As they worked their way up the slope, the contour of land
took them further from the edge of the ravine. They encountered many berry
bushes, most of which were stripped bare. Bebe held one branch in her hand,
carefully examining the stems that had held the berries. “Something with teeth,
not a beak,” she concluded as she pointed out the edge marks. On the stem buds.
“Not Dibby birds?” Drindl asked. He pointed to the birds
perched on the backs of the Ibik across the ravine. They fed on insects on the
Ibik fur.
“I’ve never known them to feed on berries,” Bebe said. “Small
animals or faeries.” Looking to the north, she pointed to a faint cloud of fine
dust rising above a green ridge. She turned to Alpen. “The mine?”
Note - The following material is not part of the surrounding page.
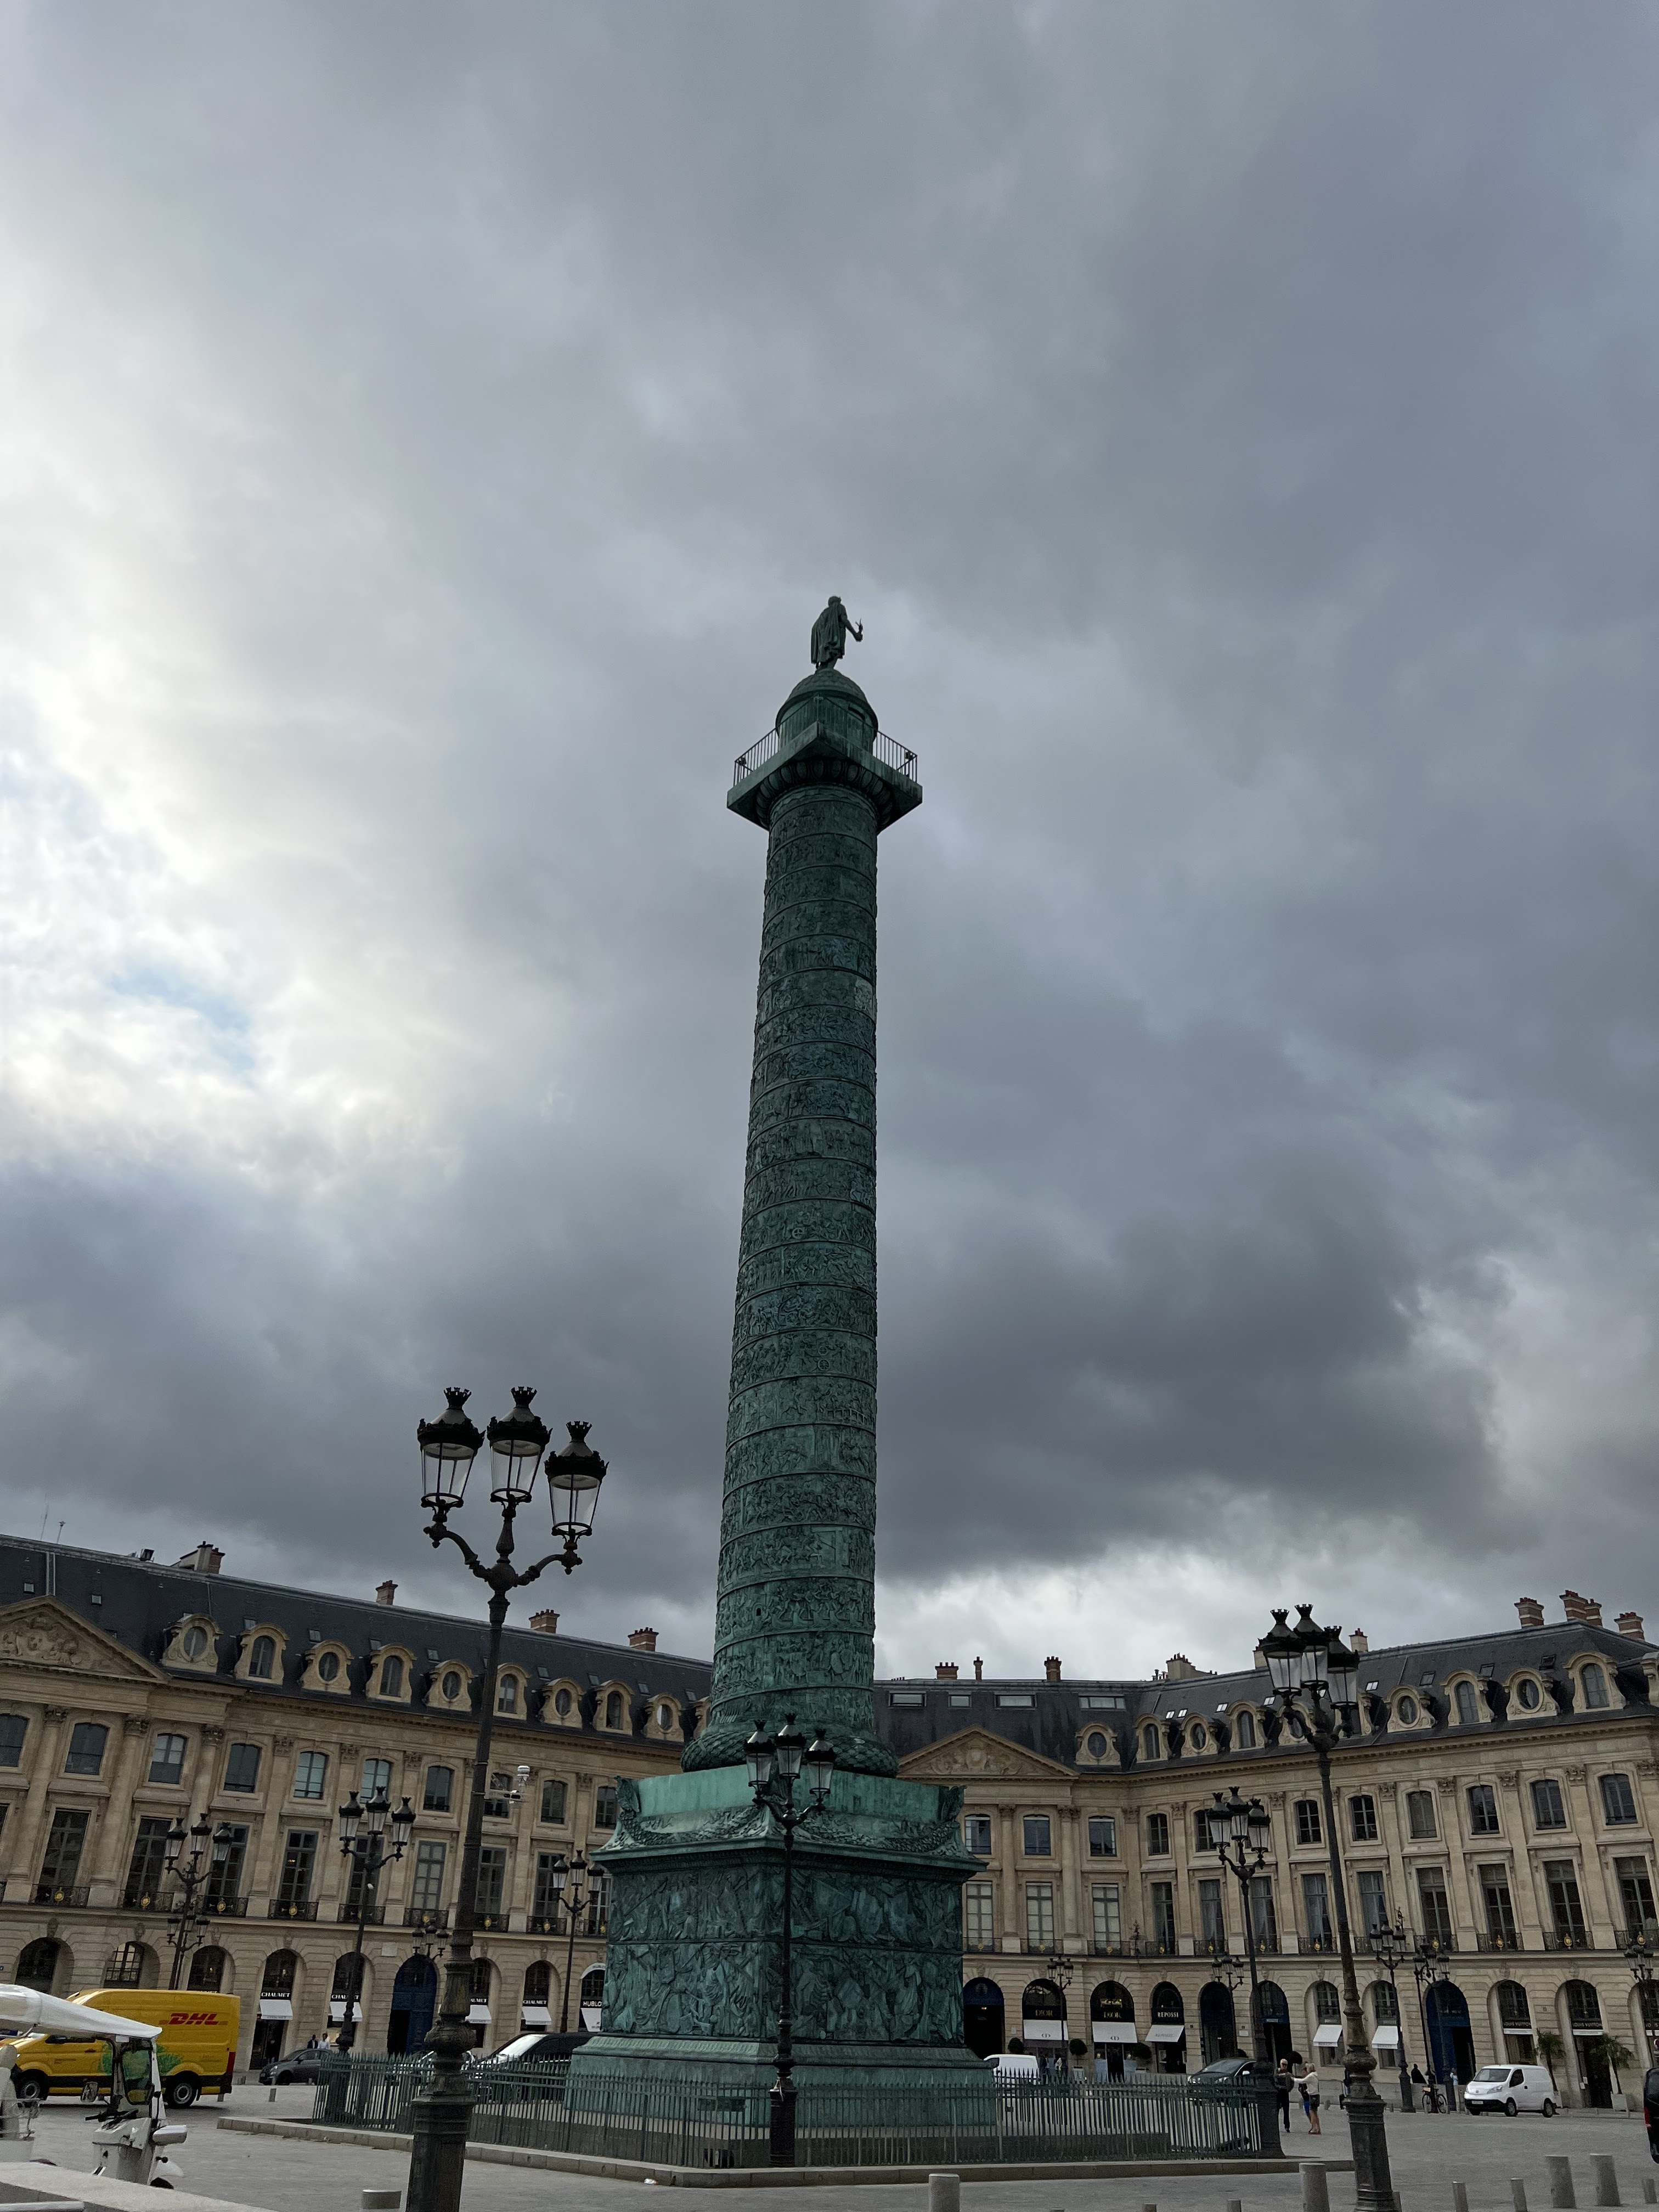 paris travel guide, free things to do in paris, paris monuments

He looked toward the ocean, measuring the shoreline. “Hard
to know how far south we came. I think the mine is further north.” He looked to
Drindl. “You’ve been here a bit longer. It’s not natural, I don’t think. What
could make dust like that?”
“Something to do with the mine?” Drindl guessed. He pointed
to a high point to their right. “We could see better from there.”
“That’s pretty steep.” Alpen turned to face the Ibik herds
on the far side of the divide below them. He pointed to the herds as they
walked around the bluffs in the distance. “Maybe they can’t cross the gap.”
They found no hint of small rodents or faeries but did find
some branches that they used as makeshift spears. A few Anschloss leaves helped
ease their hunger as they climbed the steep terrain toward the ridge. A few steps
ahead of Bebe and Drindl, Alpen raised his hand and stopped. “Small animals,”
he whispered.
They circled left, using the cover of some bushes, then
crouched down behind a boulder. The thought of a meal caused renewed hunger
pangs in each of them. As a cloud obscured the sun’s brightness, Alpen peered
around the rock. Bebe tugged at this tunic, anxious for the good news. Alpen
stood up, his shoulders slumped as he motioned to Bebe and Drindl to get up.
“What?” Bebe asked as she stepped to Alpen’s side. Her mouth
dropped. Several dozen faeries lay still on the ground.